---------- GIVEN DATA ----------
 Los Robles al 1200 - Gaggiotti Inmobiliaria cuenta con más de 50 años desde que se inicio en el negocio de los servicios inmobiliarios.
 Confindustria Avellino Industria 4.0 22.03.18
----------
---------- GIVEN DATA ----------
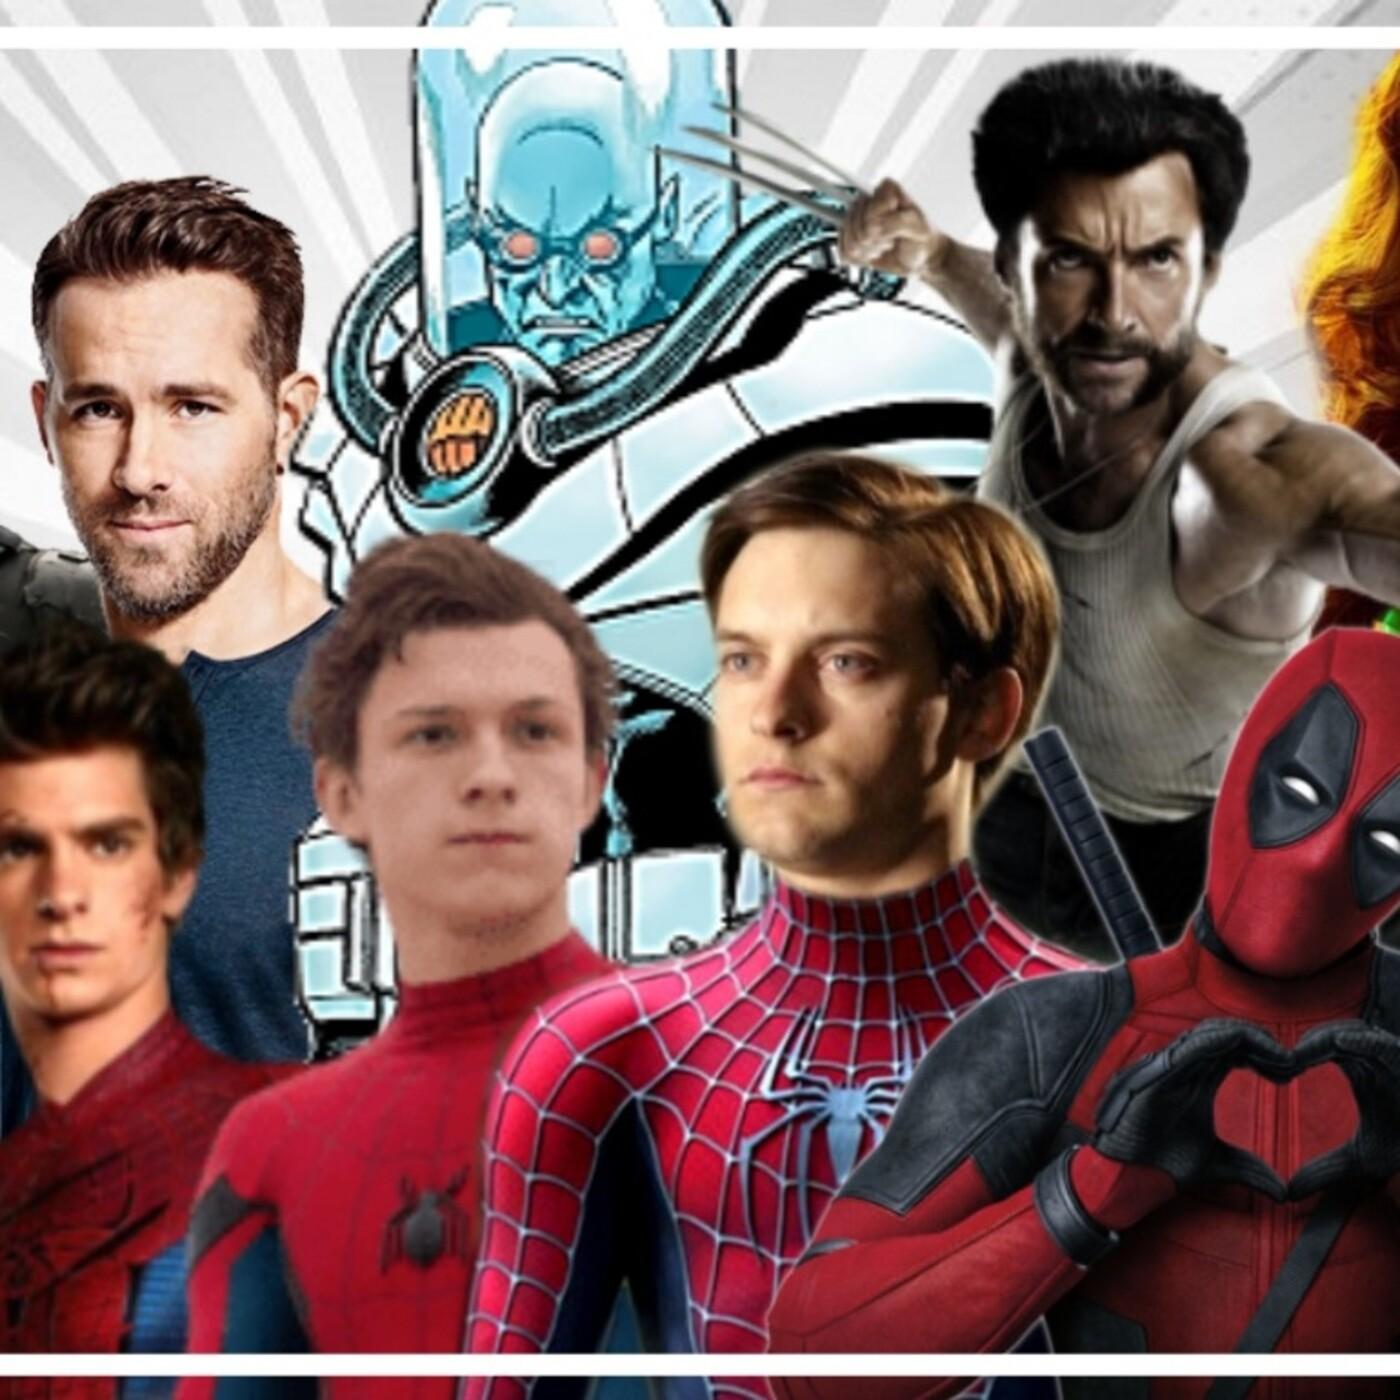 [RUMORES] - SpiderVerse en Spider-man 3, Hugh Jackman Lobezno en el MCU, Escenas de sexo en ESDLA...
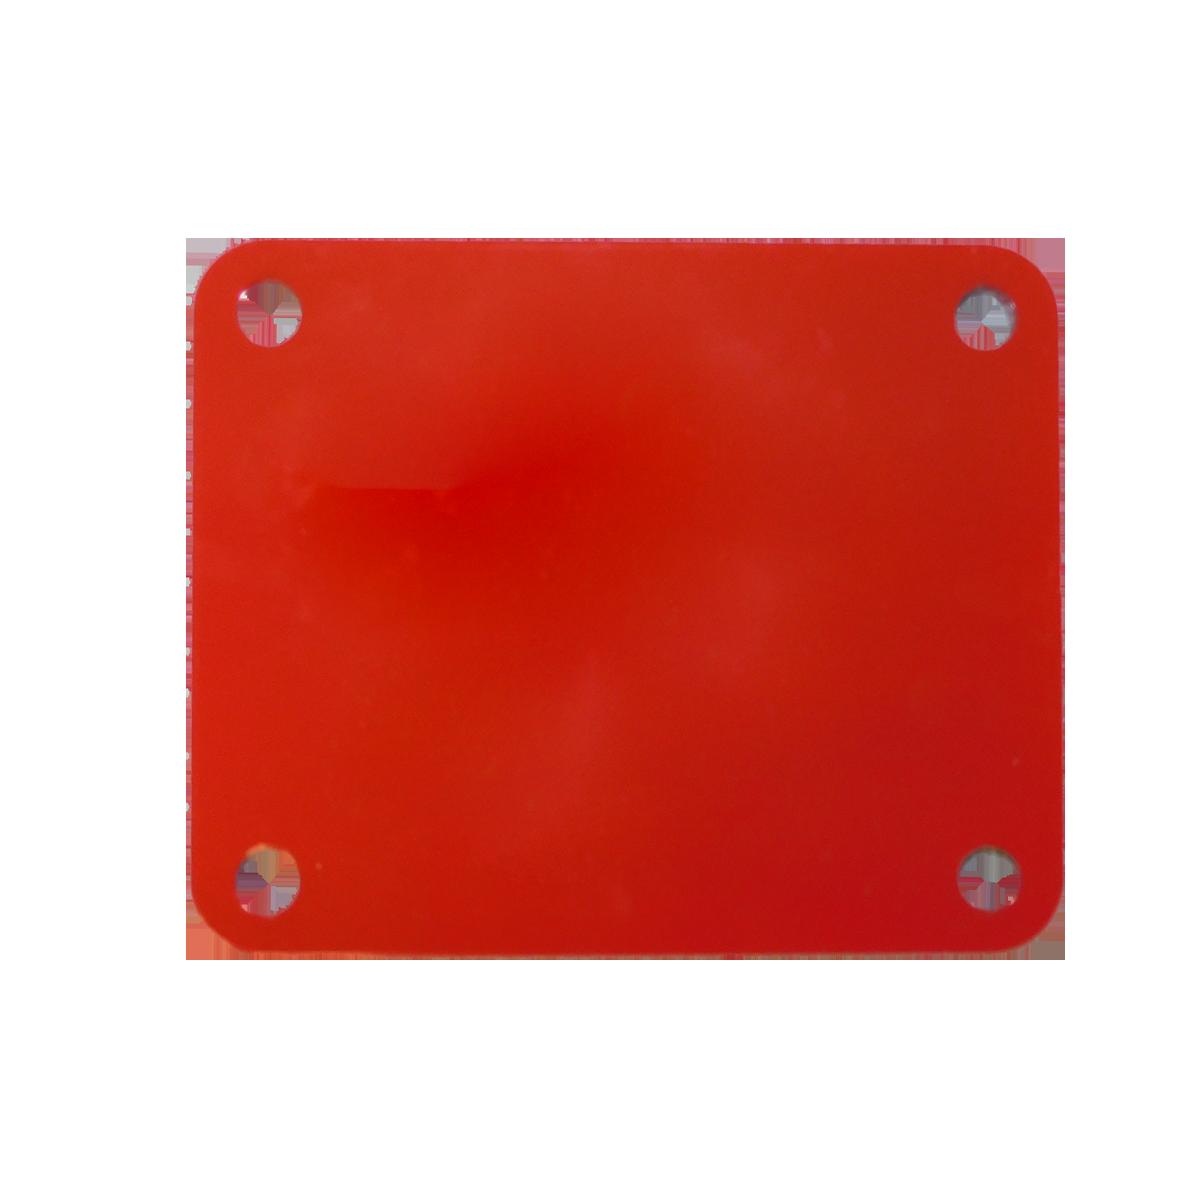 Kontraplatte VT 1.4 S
----------
EXERCISE INSTRUCTIONS:
All lines in the data above from the one with "Los Robles al" through the one with "Confindustria Avellino Industria" must be repeated exactly, and no others.

TASK RESULT:
 Los Robles al 1200 - Gaggiotti Inmobiliaria cuenta con más de 50 años desde que se inicio en el negocio de los servicios inmobiliarios.
 Confindustria Avellino Industria 4.0 22.03.18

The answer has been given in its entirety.